▶ _Your assignment_:
Return exactly the run of lines that begins at the line containing "Imagem promocional de" and ends at the last line of the material below; pictures stay out.

▶ _The data_:
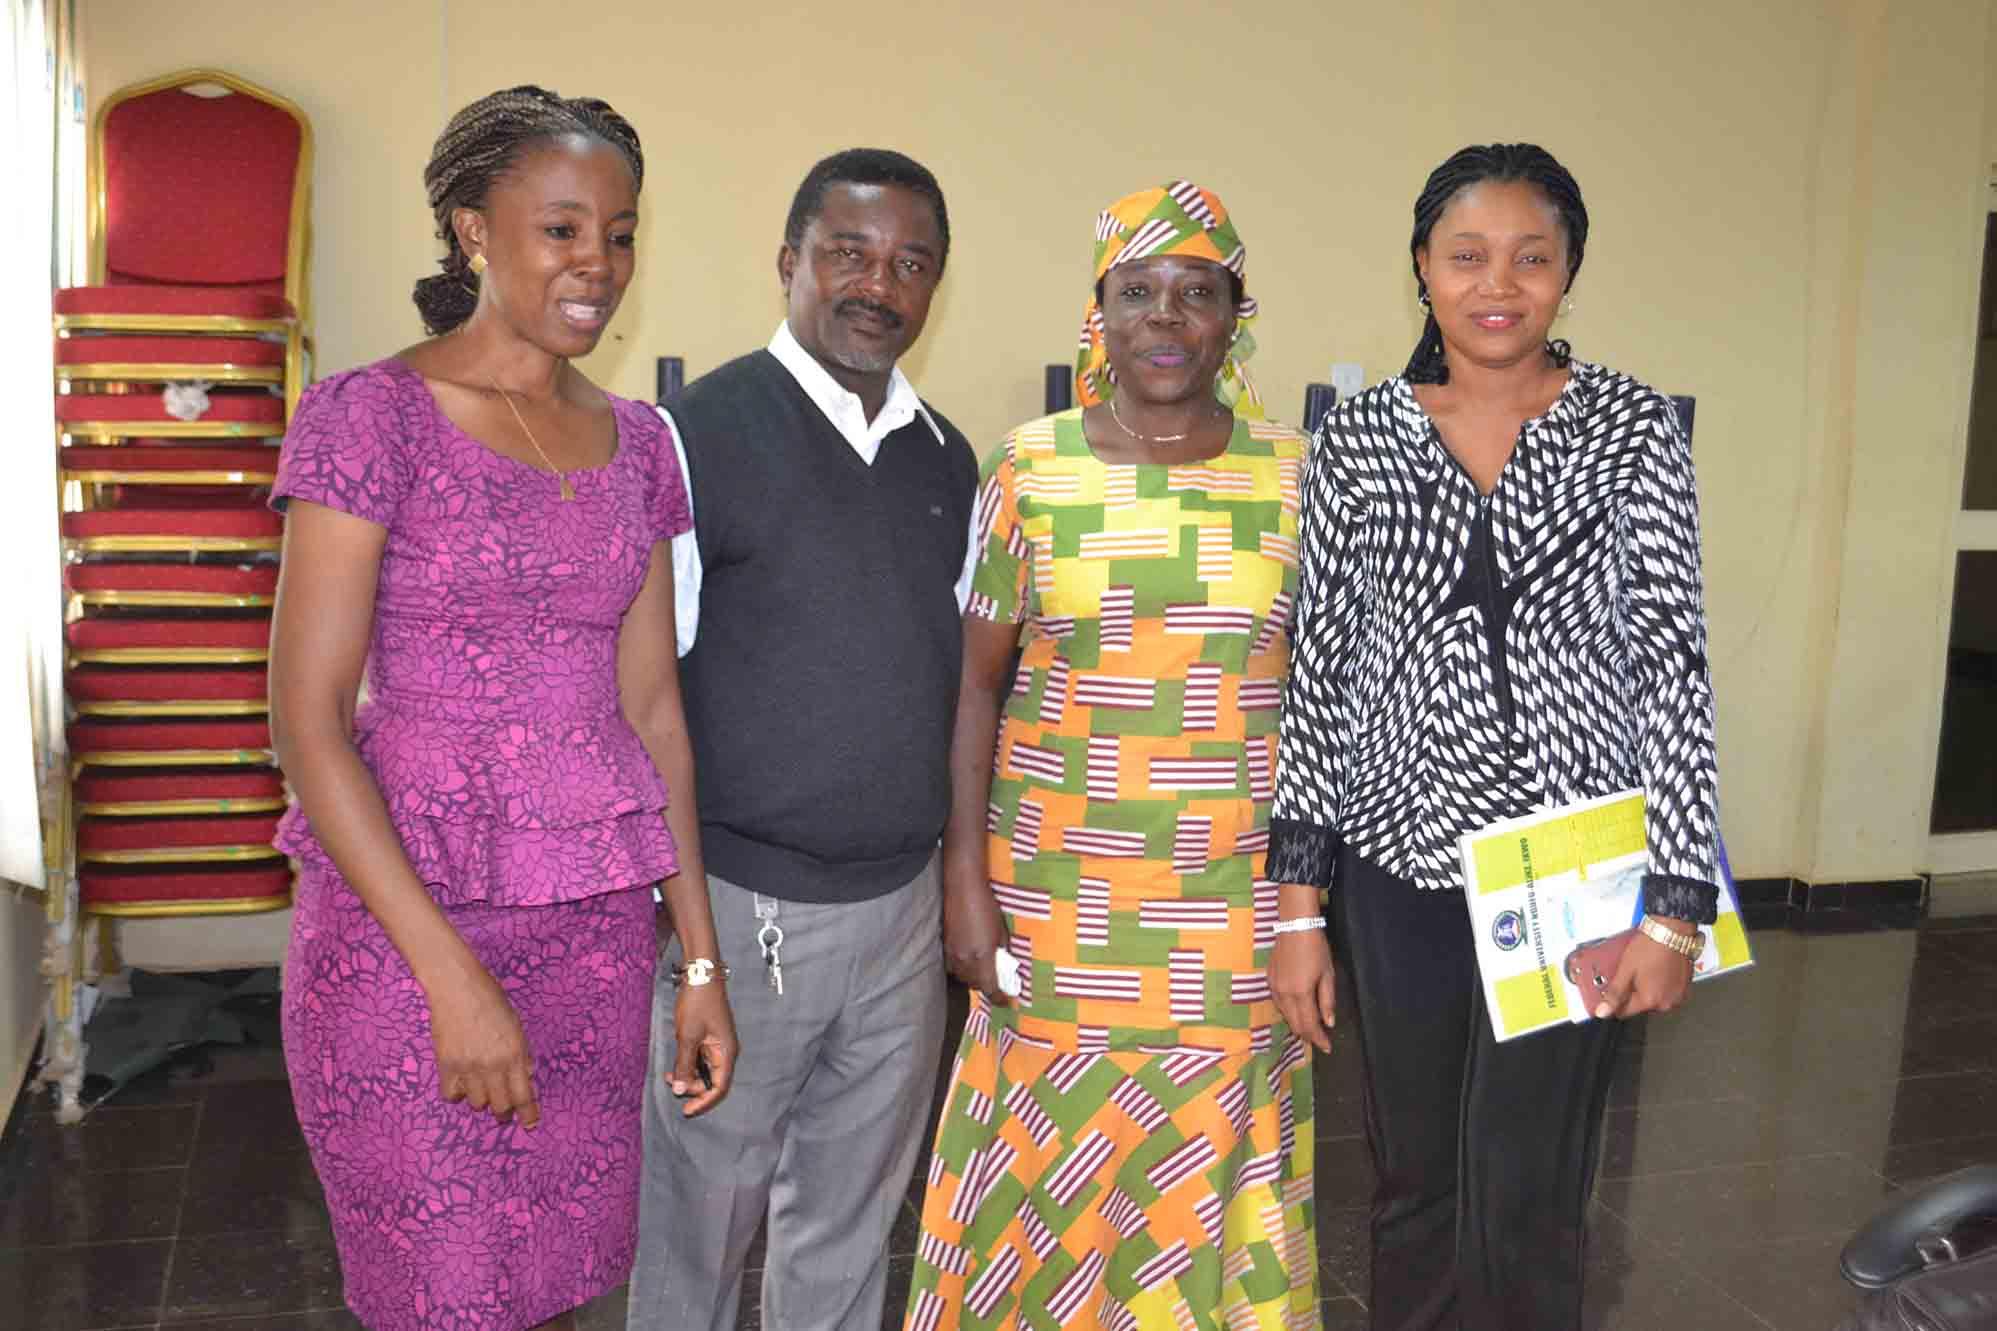 Group photograph with members of the University team. Left to right: Ms Chiaka Nnodi, Mr Sam Echem, Prof G.M.T Emezue, Barr Ogochukwu
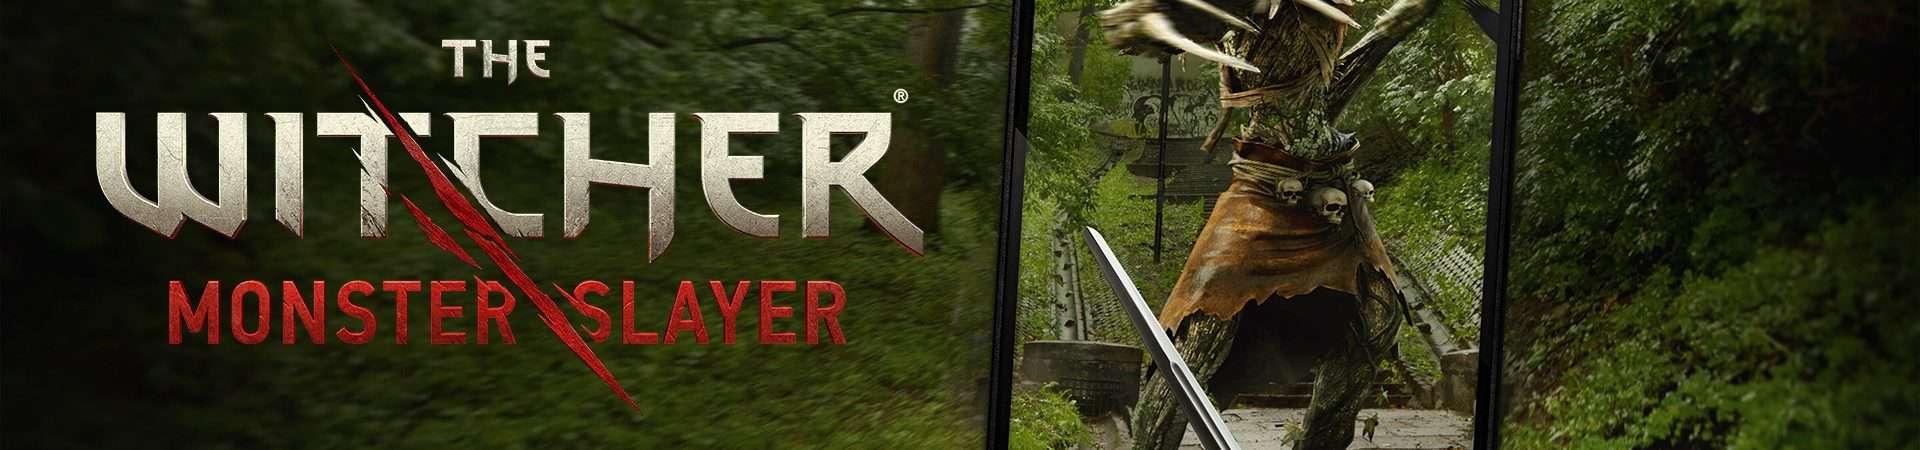 Imagem promocional de The Witcher Monster Slayer
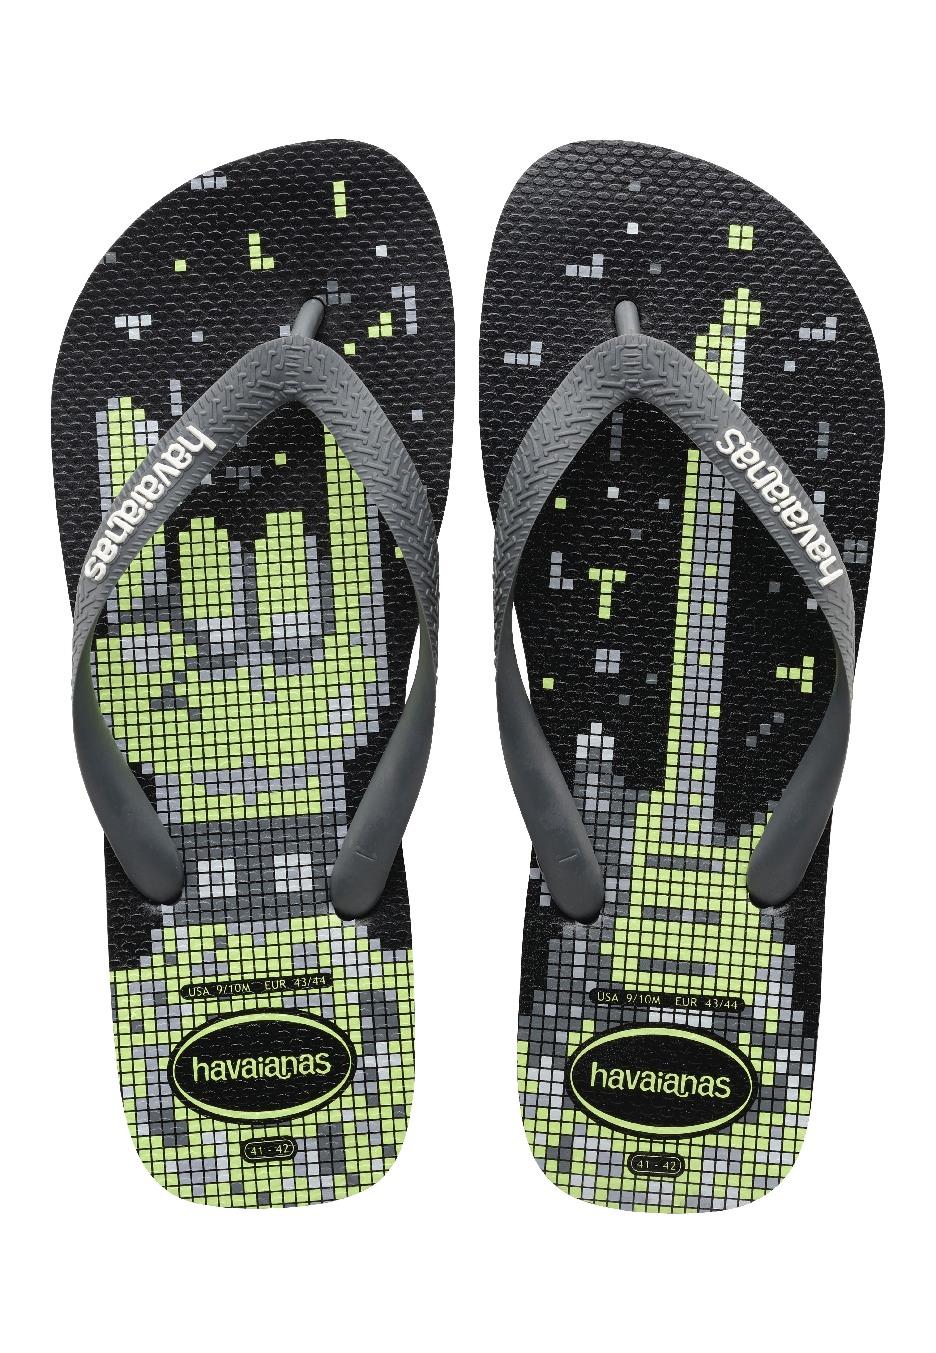 0bbe845d5083 Havaianas - 4 Nite Black Grey White - Sandals - Streetwear Shop -  Impericon.com UK
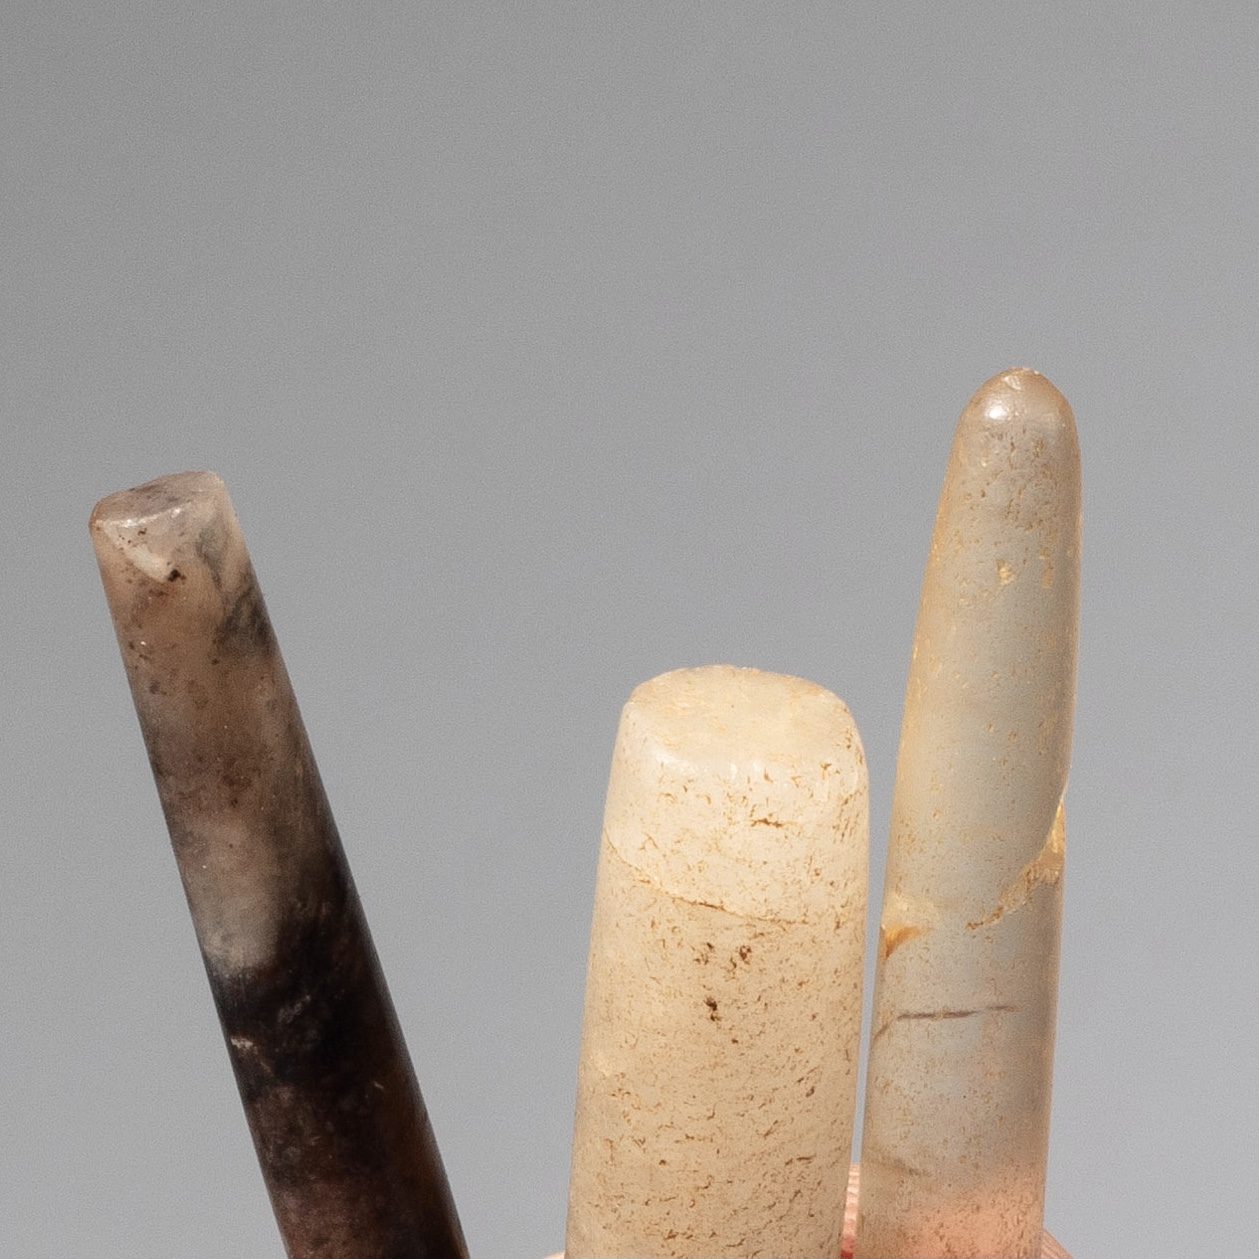 3 ETHEREAL ANCIENT STONE LIP PLUG LABARETS, SAHARA, W AFRICA ( No 4287)

▶ _Task response_:
 Imagem promocional de The Witcher Monster Slayer
 0bbe845d5083 Havaianas - 4 Nite Black Grey White - Sandals - Streetwear Shop -  Impericon.com UK
 3 ETHEREAL ANCIENT STONE LIP PLUG LABARETS, SAHARA, W AFRICA ( No 4287)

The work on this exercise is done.